:: Data

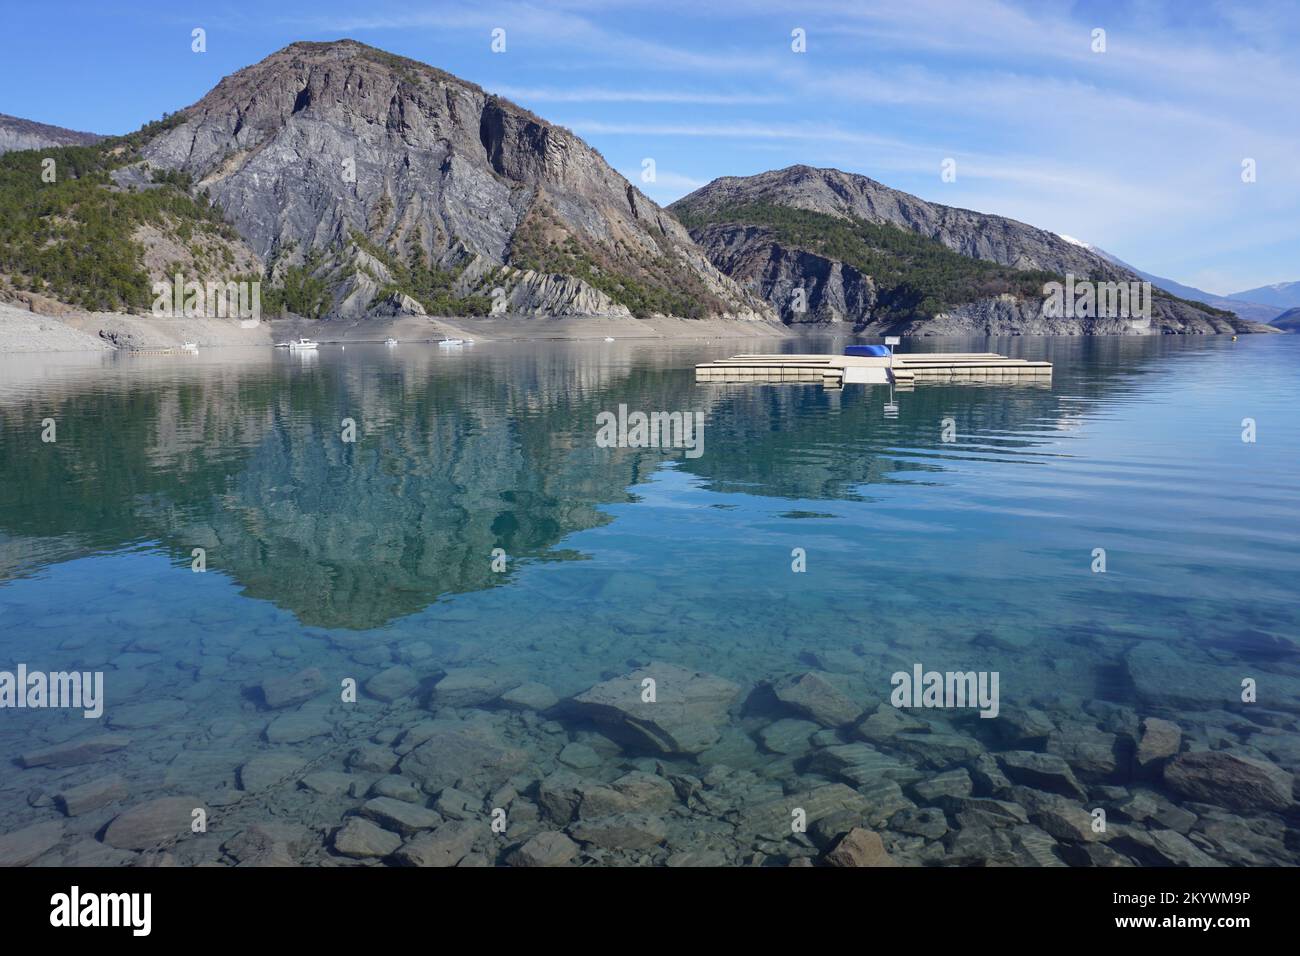 Specchio di riflessione delle montagne nel lago di Serre Poncion, Alpi meridionali, Francia in una chiara giornata di sole estivo Foto Stock
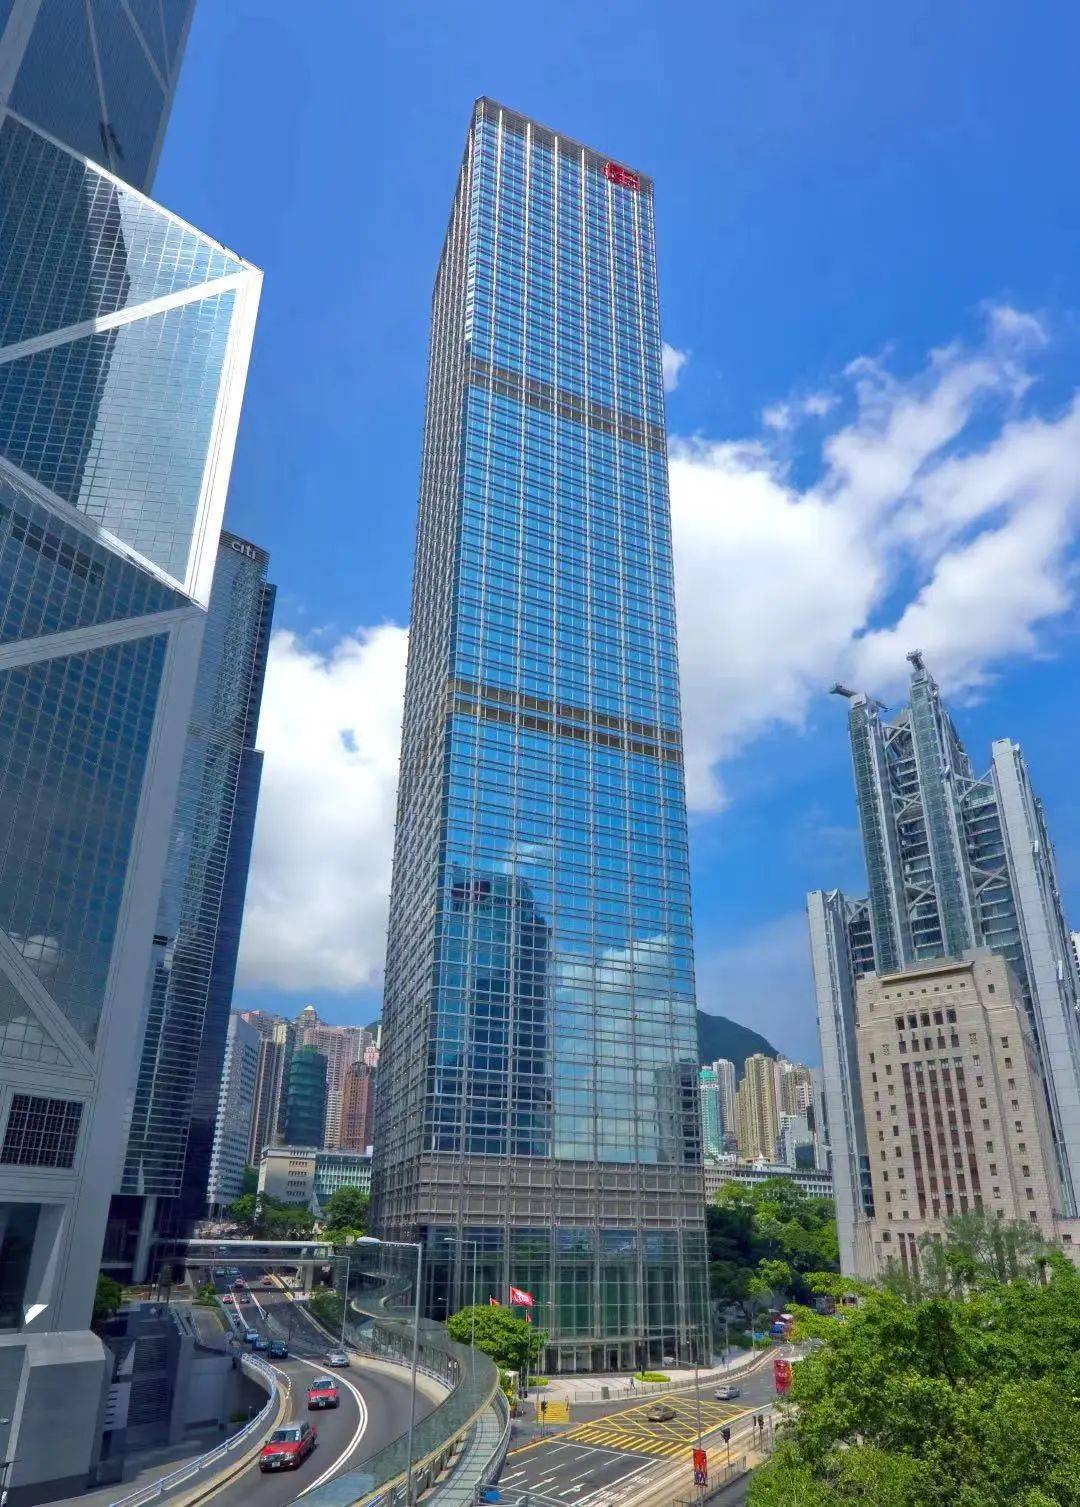 长江实业集团有限公司为具领导地位的跨国企业,集团于香港市场具标杆
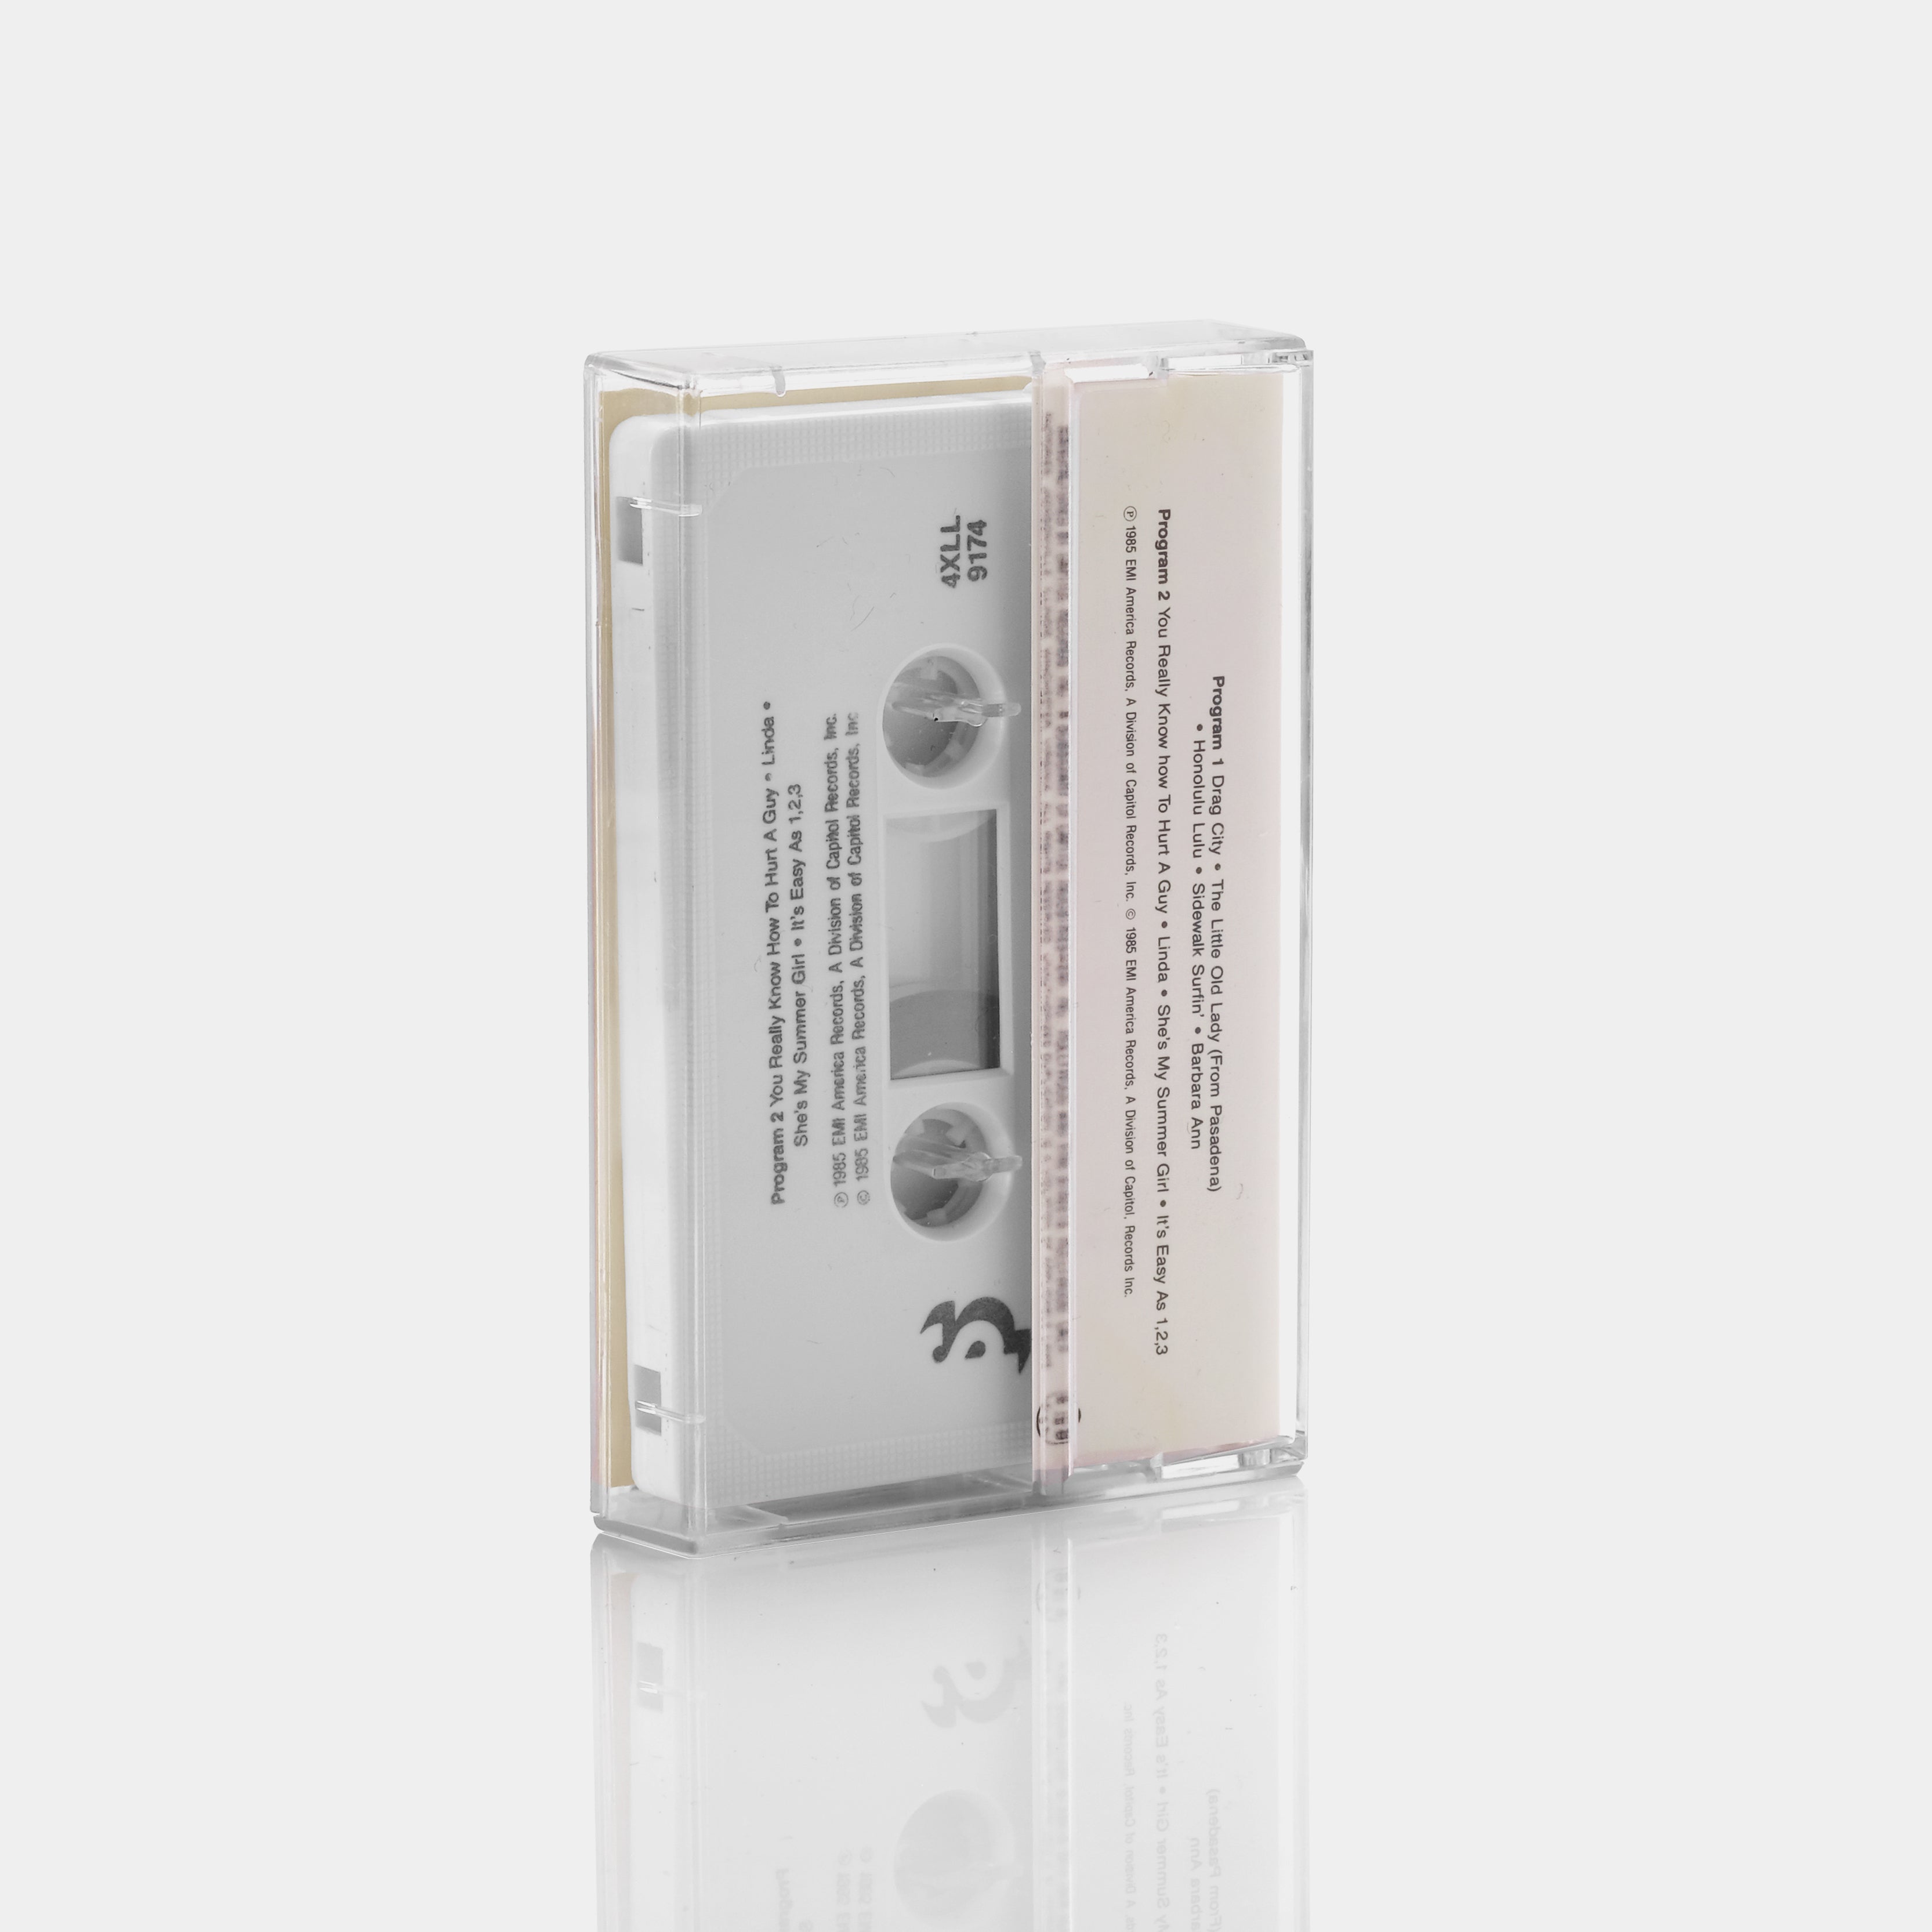 Golden Greats By Jan & Dean Cassette Tape

::::

Problem description =
All of the material shown above needs to be duplicated exactly. Omit every picture.

Answer to this problem =
 Specchio di riflessione delle montagne nel lago di Serre Poncion, Alpi meridionali, Francia in una chiara giornata di sole estivo Foto Stock
 长江实业集团有限公司为具领导地位的跨国企业,集团于香港市场具标杆
 Golden Greats By Jan & Dean Cassette Tape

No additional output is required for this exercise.